With all that usage, what all in our world breaks when they can no longer afford to pay for their mistake and shut the server down?
web developers are the ones bending over backwards for web browser programmers. I must say these "browser programmers" do alot for web developers also but they are the ones ultimately to claim respponsibilty on this issue of DTD validation....I believe.
No. The DTD is an agreement between the XML writer and the parser writer on the format of the XML to be used. The actual content of the DTD is completely irrelevant at run time as long as the incoming file says it complies with the DTD the parser expects. Any parser with more than "if (file.dtd == expectedDtd)" has failed. The only good reason I can think of to even touch the actual DTD at runtime would be for a general purpose XML validator, which, ironically, is a special case.
Entities. If the document is not standalone then even a non-validating parser has to get a DTD. From a local catalog, of course.Segmentation fault. Ore dumped.
Maybe it's all the webpages out there that list sample HTML code?
There must be millions of pages with the DTD's URL in the *body* of the page.
>> In short, here's the lesson learned:
...
>> 1) Some proportion of programmers don't know what they're doing and never will
>> 2) Some proportion of programmers are assholes
Here, let me translate
1) Some programmers are Indian
2) Some programmers are American
By linking to W3-dot-org and slashdotting them. Thanks guys, you good samaritans!
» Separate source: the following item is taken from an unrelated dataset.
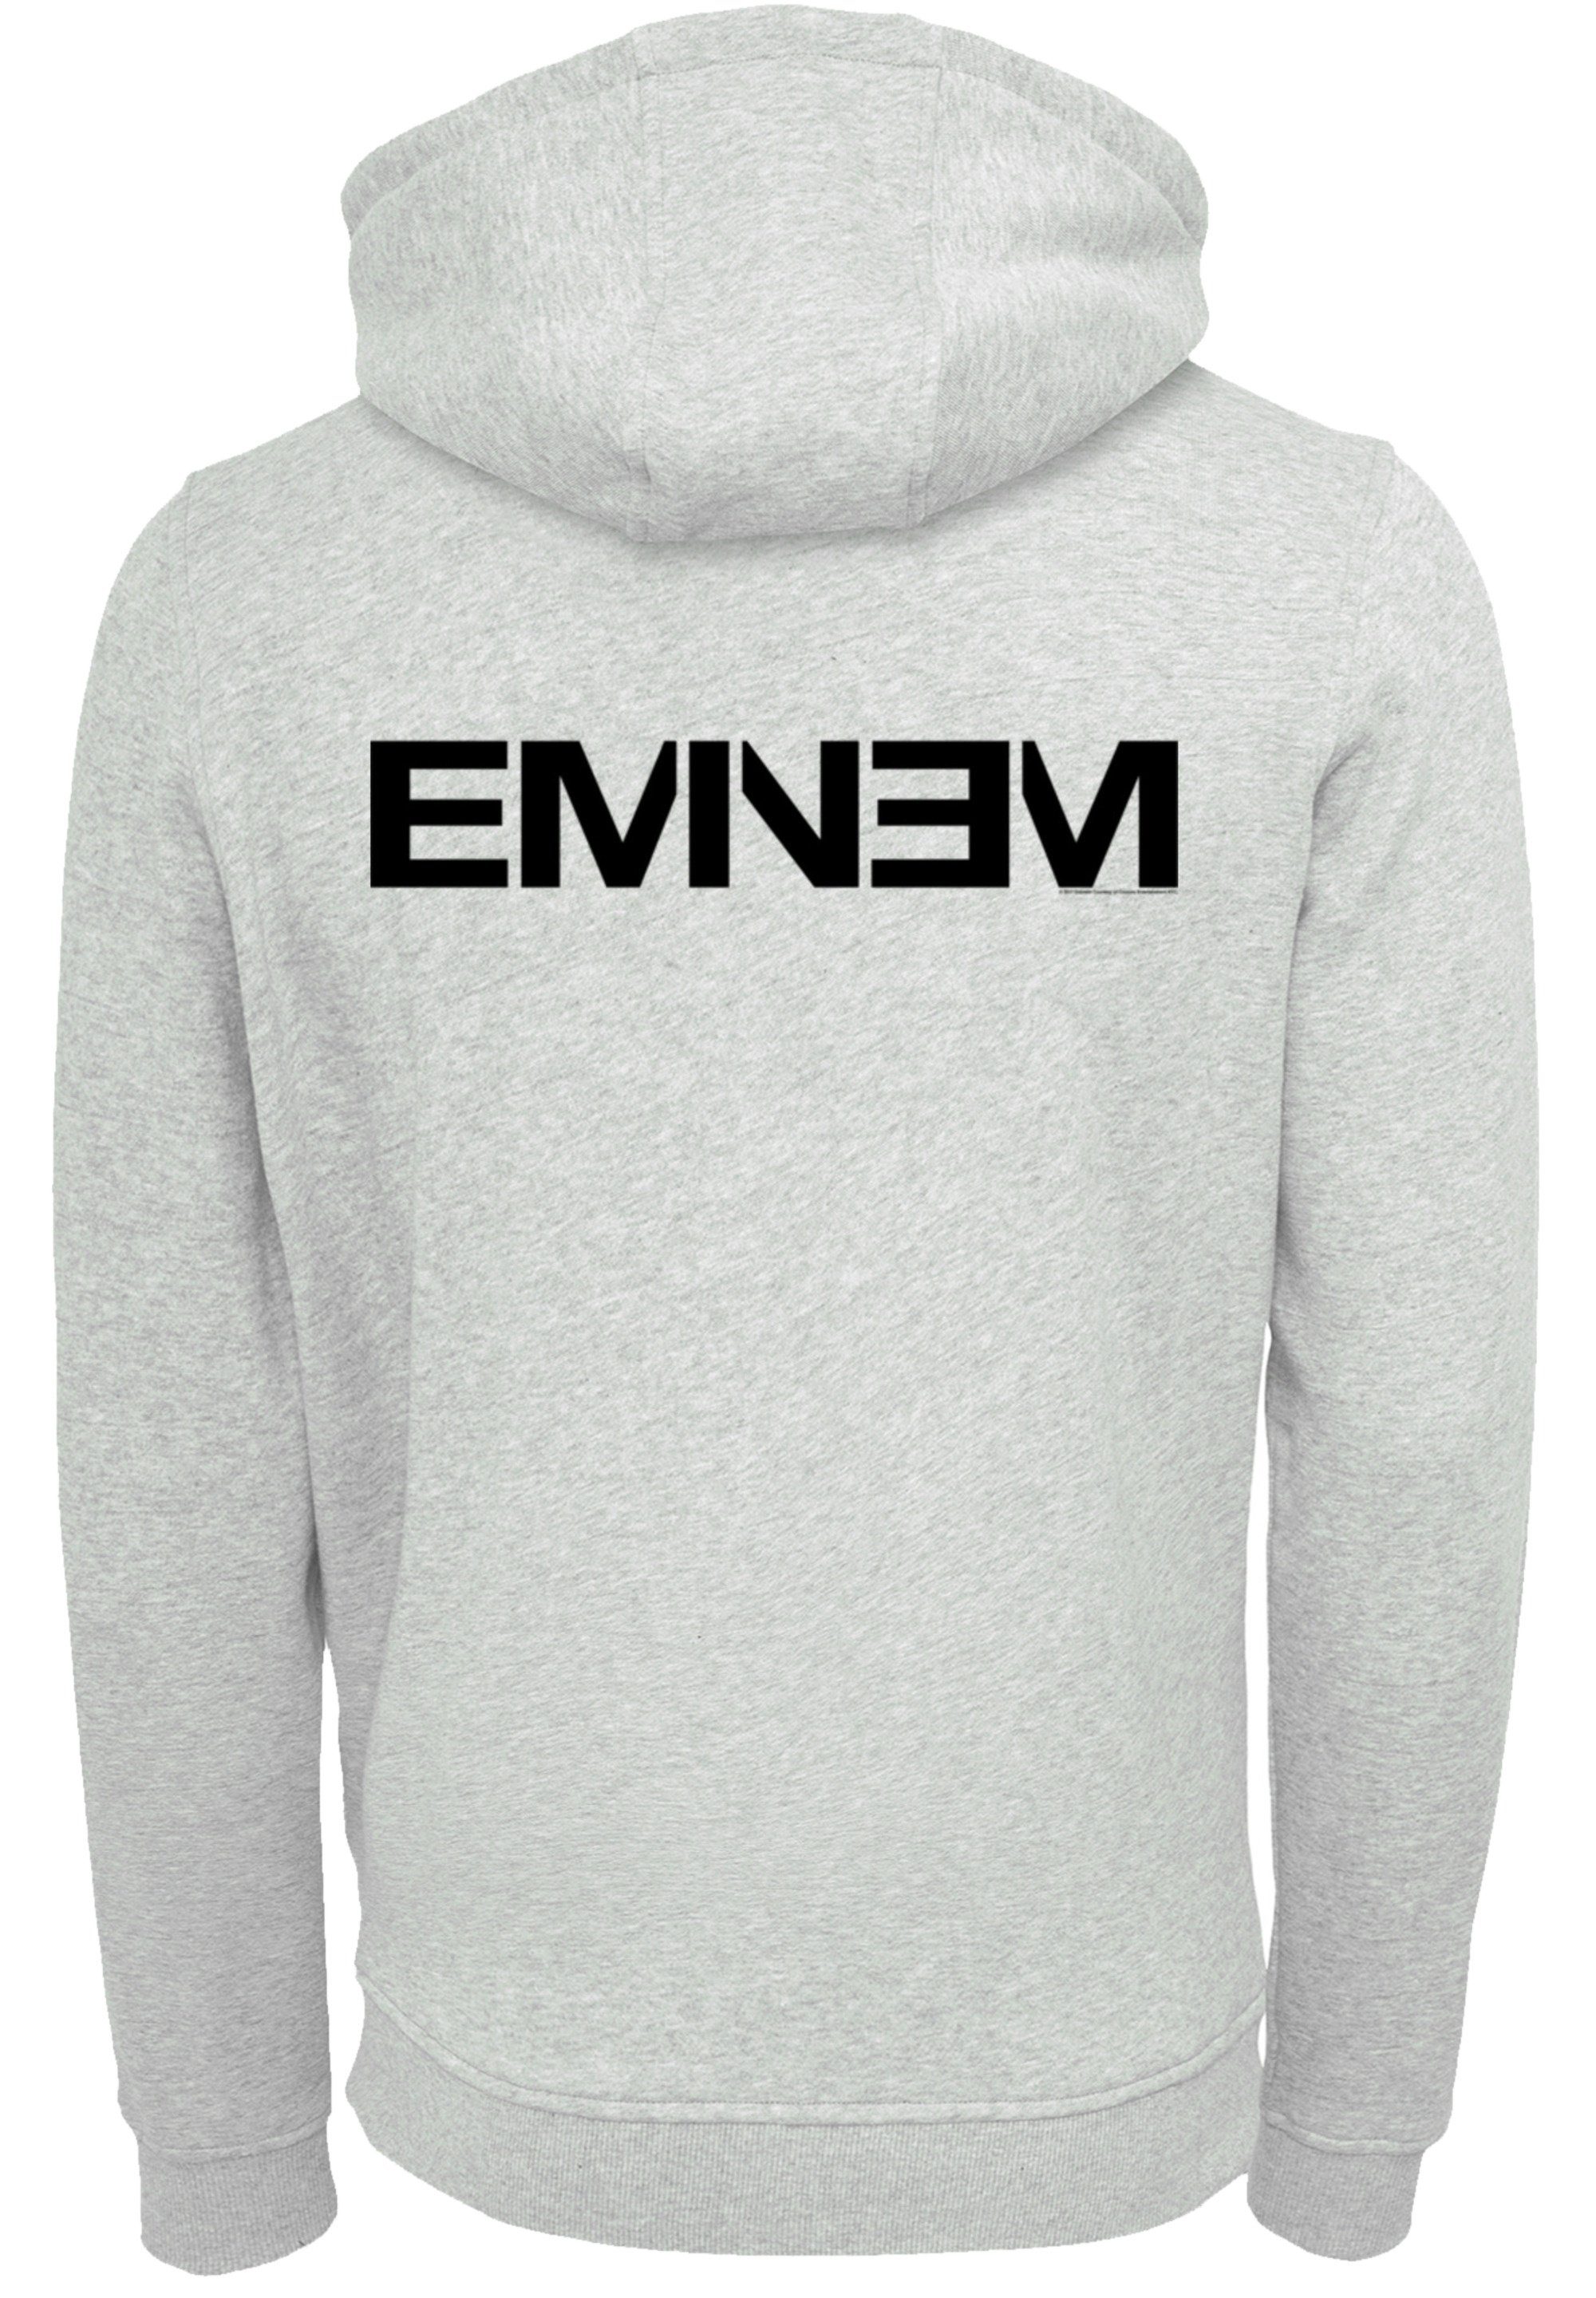 Premium Hoodie Qualität, F4NT4STIC Band, grey Logo Eminem heather Music Rap

Can you come over later and throw some gasoline on my house that's on fire?
Slashdot "libertarians": Small government for me, big government for those I disagree with. -1, I disagree with you
For $11.00 Yahoo will give you unlimited bandwidth and storage space. I think W3C should call them on their offering. :)
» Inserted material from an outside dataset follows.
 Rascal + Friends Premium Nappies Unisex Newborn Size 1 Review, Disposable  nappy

Who the hell decided that the DTD should be identified with an http: URI anyway? It's as though some people think that any URI has to begin with http:. If you're not meant to fetch it using the hypertext transfer protocol, don't make a URI that says you should.
-- Ed Avis ed@membled.com
If people would bother to learn HTML, this wouldn't happen. But due to the practice of self-taught "web designers" who copy and paste anything and everything, and who also type in code examples verbatim, this little-needed markup has been spread around. So, W3C should know that they are talking to a set of people who don't listen and don't care. Too bad.